Main content area

An influent responsive control strategy with machine learning: Q-learning based optimization method for a biological phosphorus removal system

Pang, Ji-Wei, Yang, Shan-Shan, He, Lei, Chen, Yi-Di, Cao, Guang-Li, Zhao, Lei, Wang, Xin-Yu, Ren, Nan-Qi
Chemosphere 2019 v.234 pp. 893-901
activated sludge, algorithms, artificial intelligence, chemical oxygen demand, models, phosphorus, system optimization, wastewater, wastewater treatment
Biological phosphorus removal (BPR) is an economical and sustainable processes for the removal of phosphorus (P) from wastewater, achieved by recirculating activated sludge through anaerobic and aerobic (An/Ae) processes.
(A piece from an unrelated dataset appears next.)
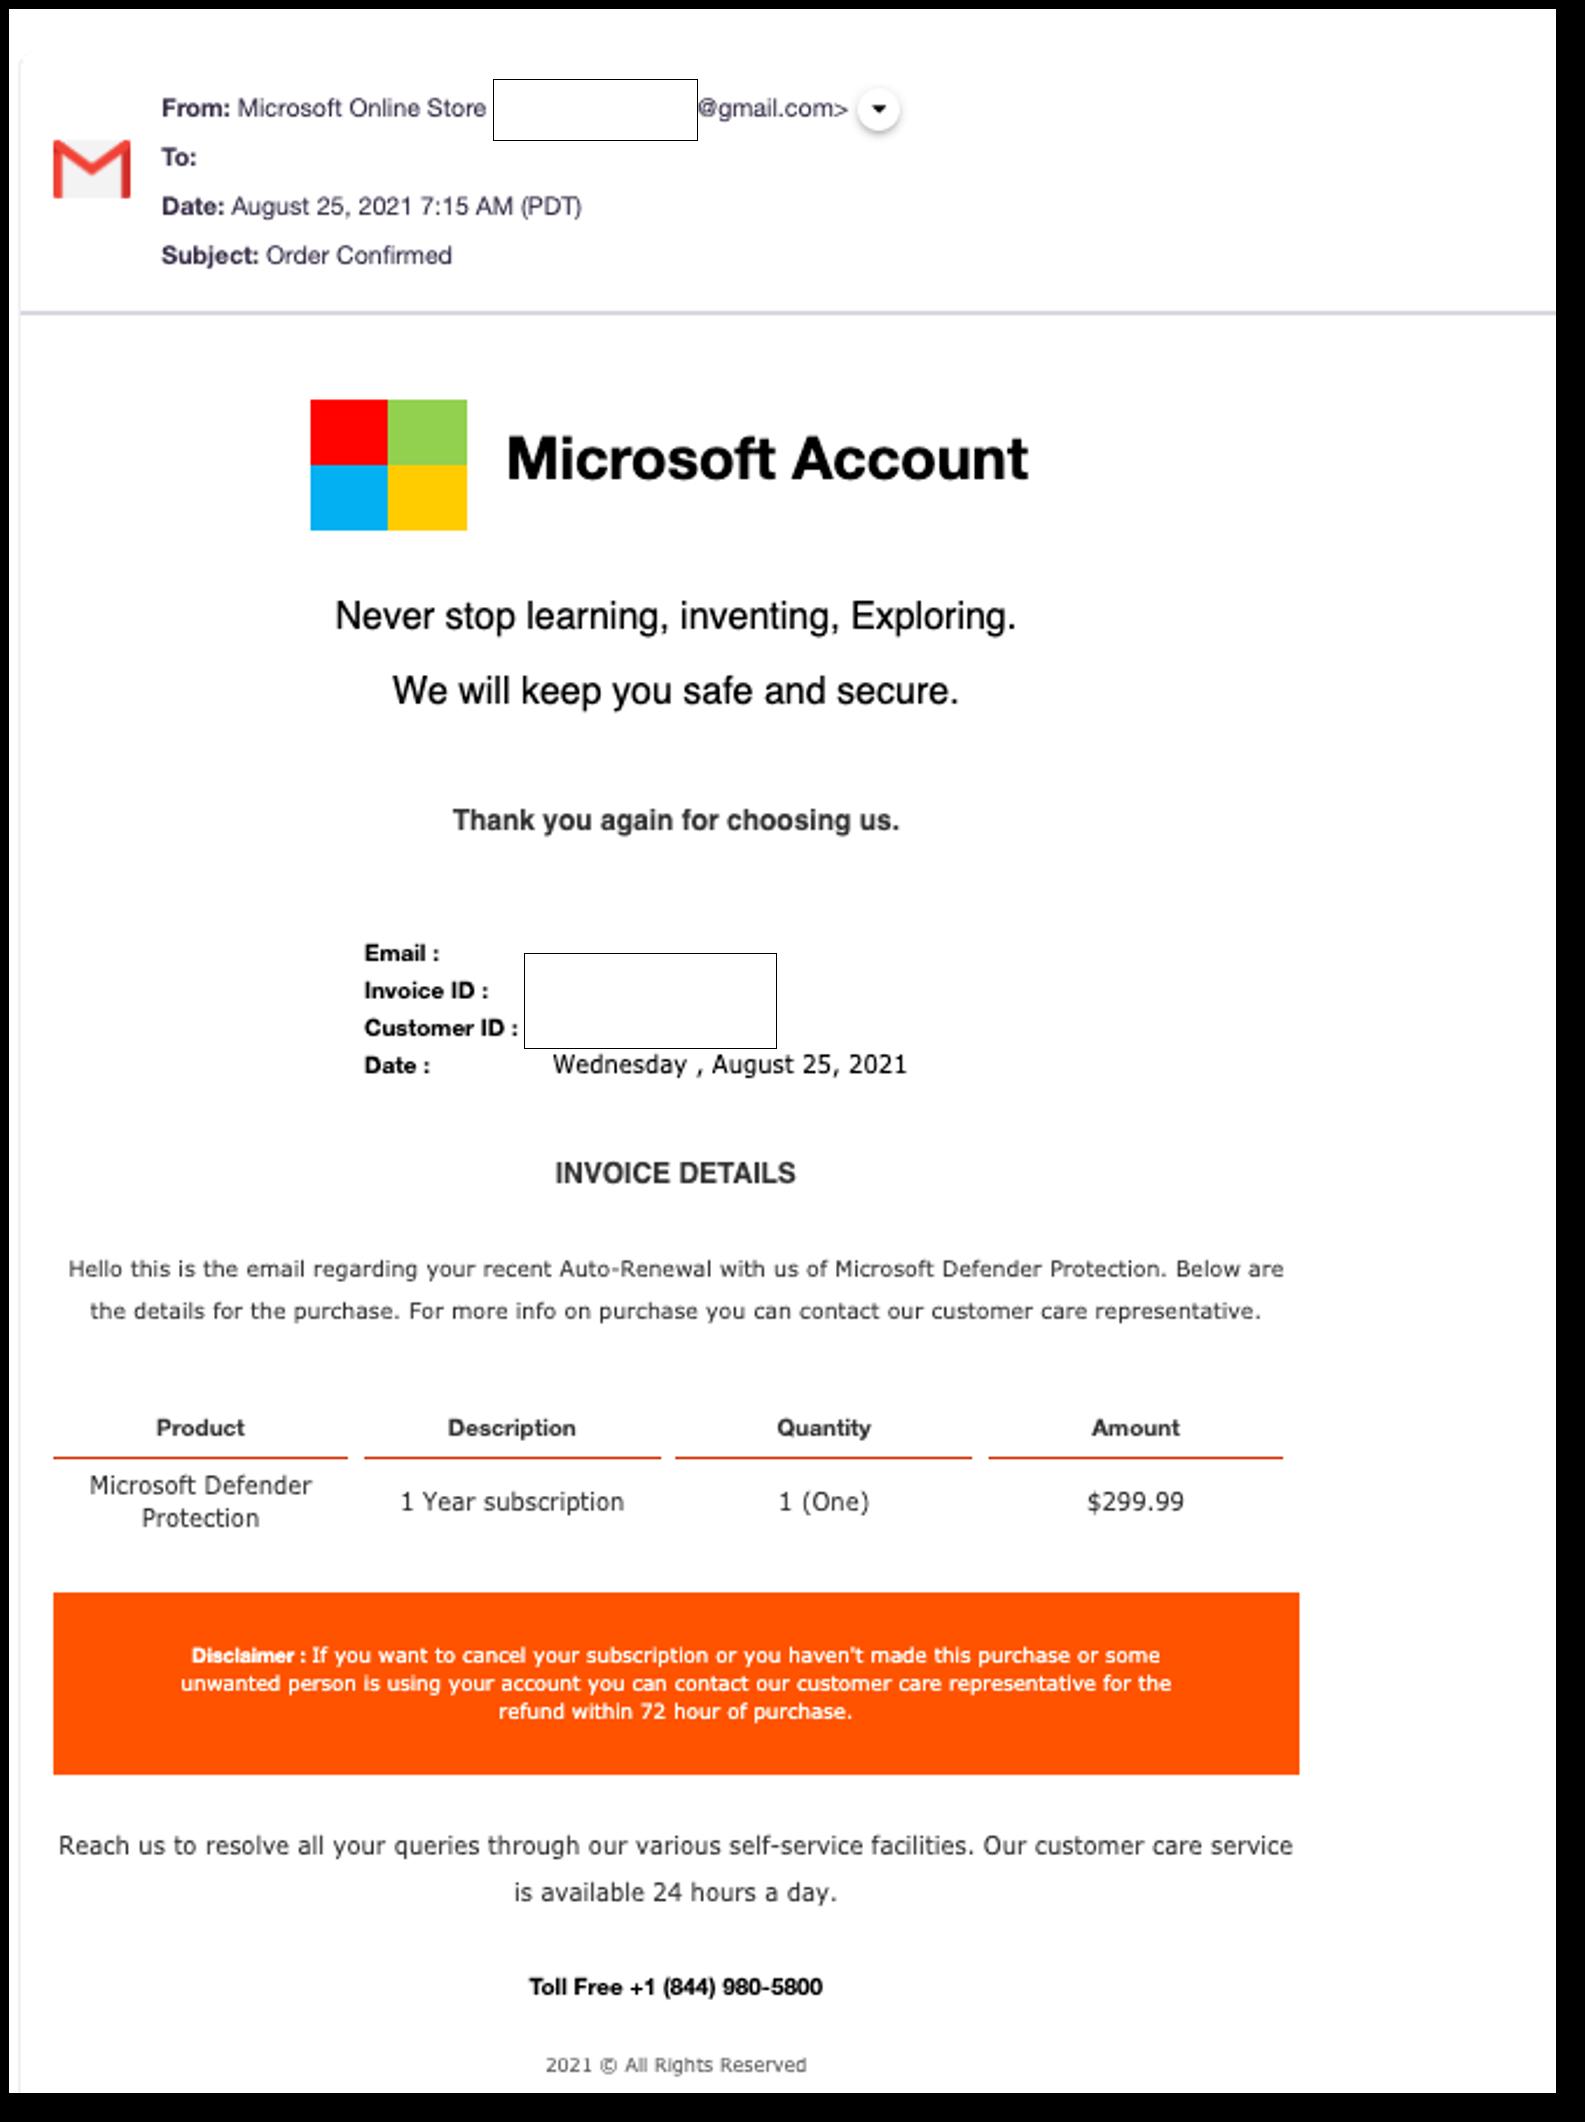 Microsoft Defender vishing email 2
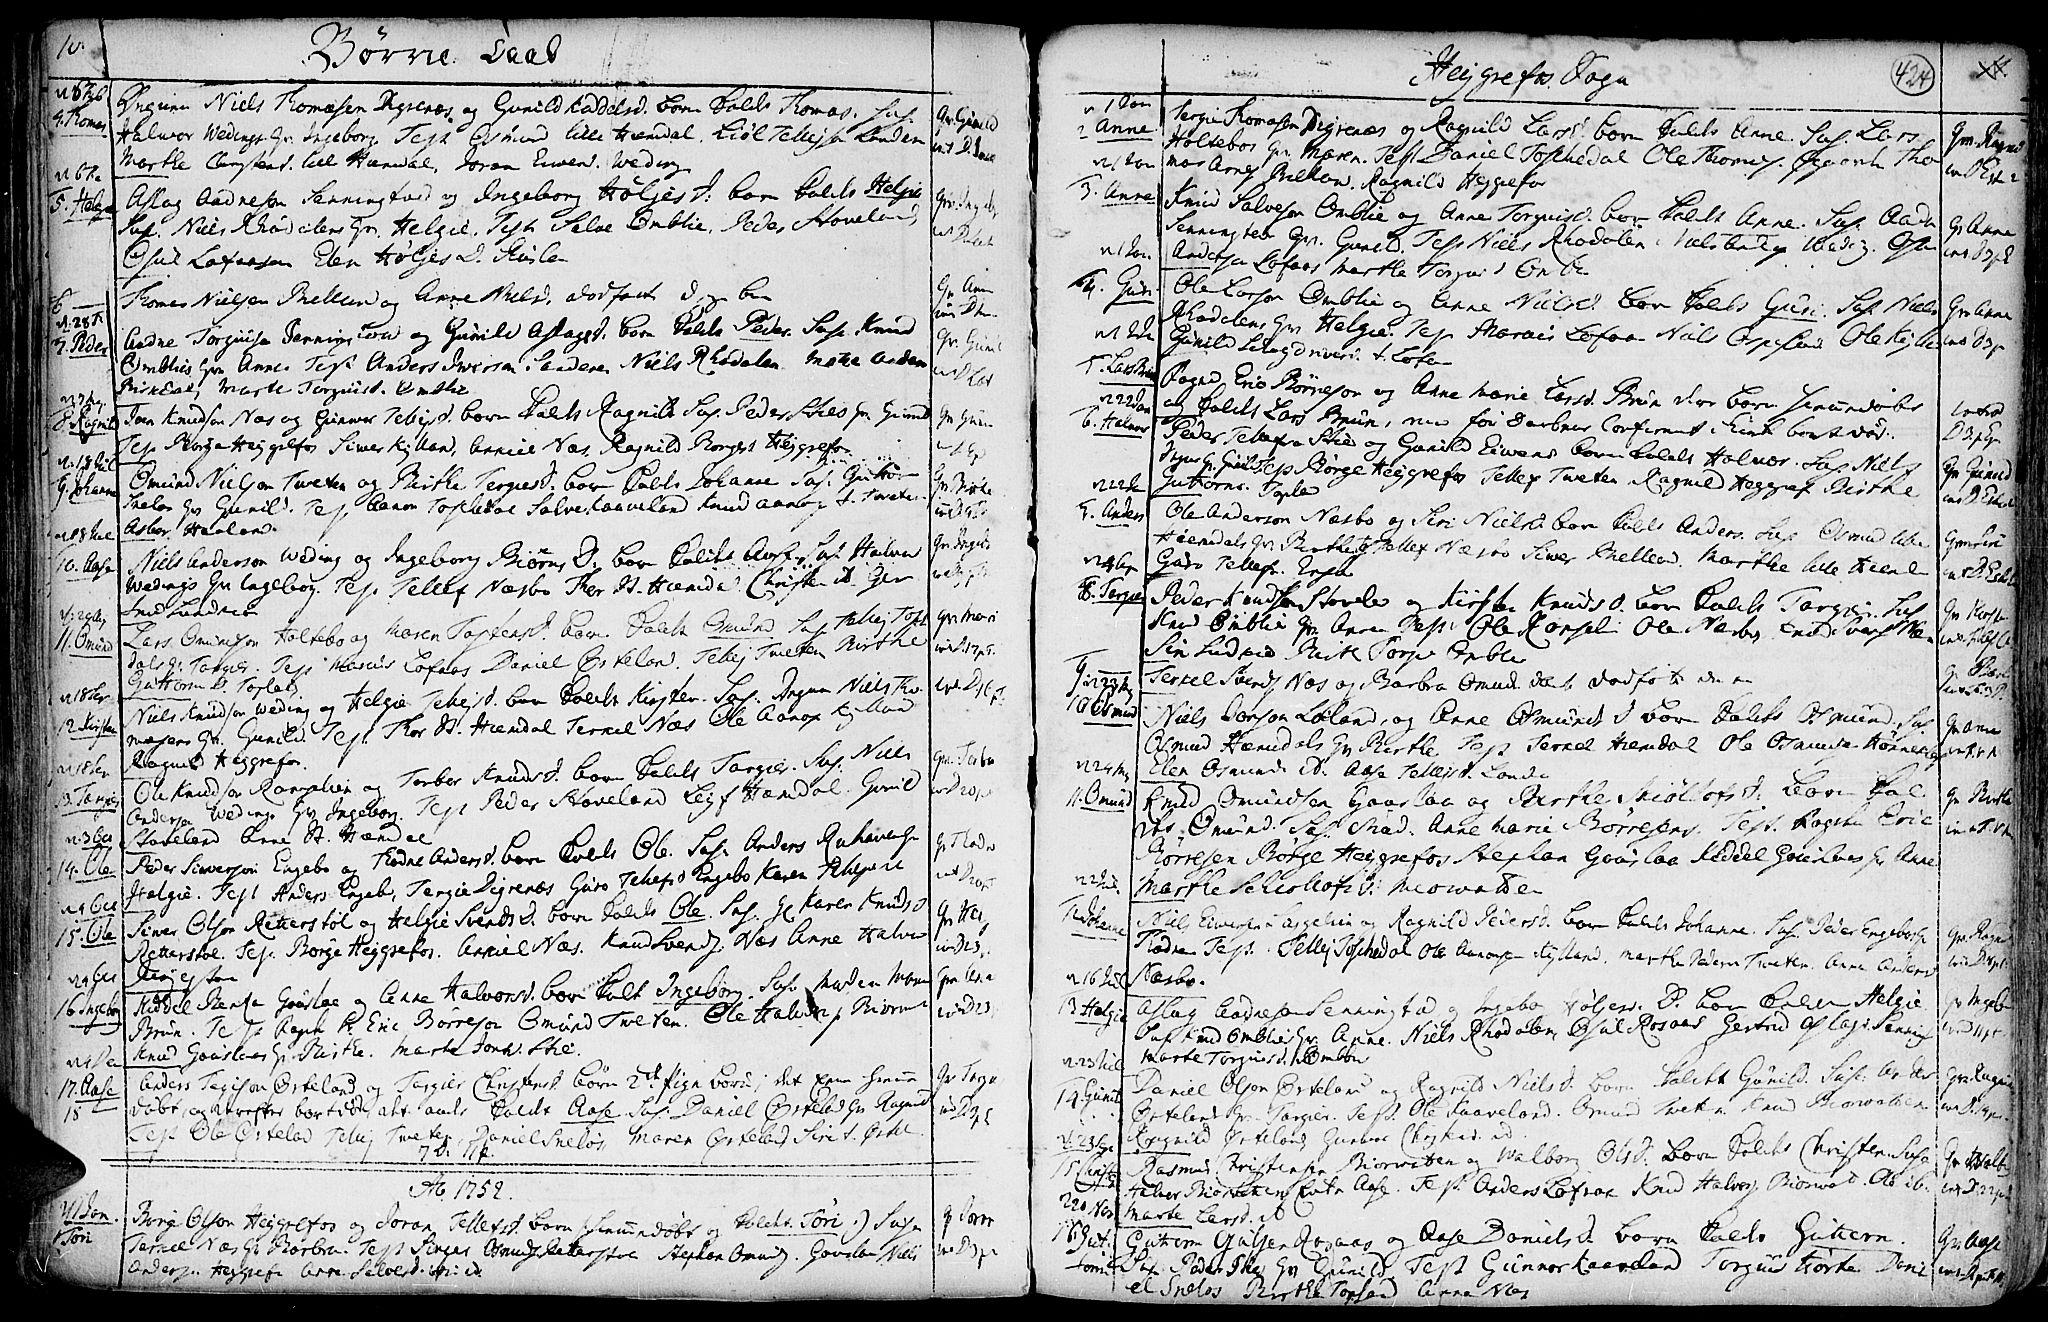 SAK, Hommedal sokneprestkontor, F/Fa/Fab/L0002: Ministerialbok nr. A 2 /3, 1740-1821, s. 424

However, few studies have systematically analyzed the optimal hydraulic retention times (HRTs) in anaerobic and aerobic reactions, or whether these are the most appropriate control strategies. In this study, a novel optimization methodology using an improved Q-learning (QL) algorithm was developed, to optimize An/Ae HRTs in a BPR system. A framework for QL-based BPR control strategies was established and the improved Q function, Qt+1(st,st+1)=Qt(st,st+1)+k·[R(st,st+1)+γ·maxatQt(st,st+1)−Qt(st,st+1)] was derived. Based on the improved Q function and the state transition matrices obtained under different HRT step-lengths, the optimum combinations of HRTs in An/Ae processes in any BPR system could be obtained, in terms of the ordered pair combinations of the <current state-transition state>. Model verification was performed by applying six different influent chemical oxygen demand (COD) concentrations, varying from 150 to 600 mg L−1 and influent P concentrations, varying from 12 to 30 mg L−1. Superior and stable effluent qualities were observed with the optimal control strategies. This indicates that the proposed novel QL-based BPR model performed properly and the derived Q functions successfully realized real-time modelling, with stable optimal control strategies under fluctuant influent loads during wastewater treatment processes.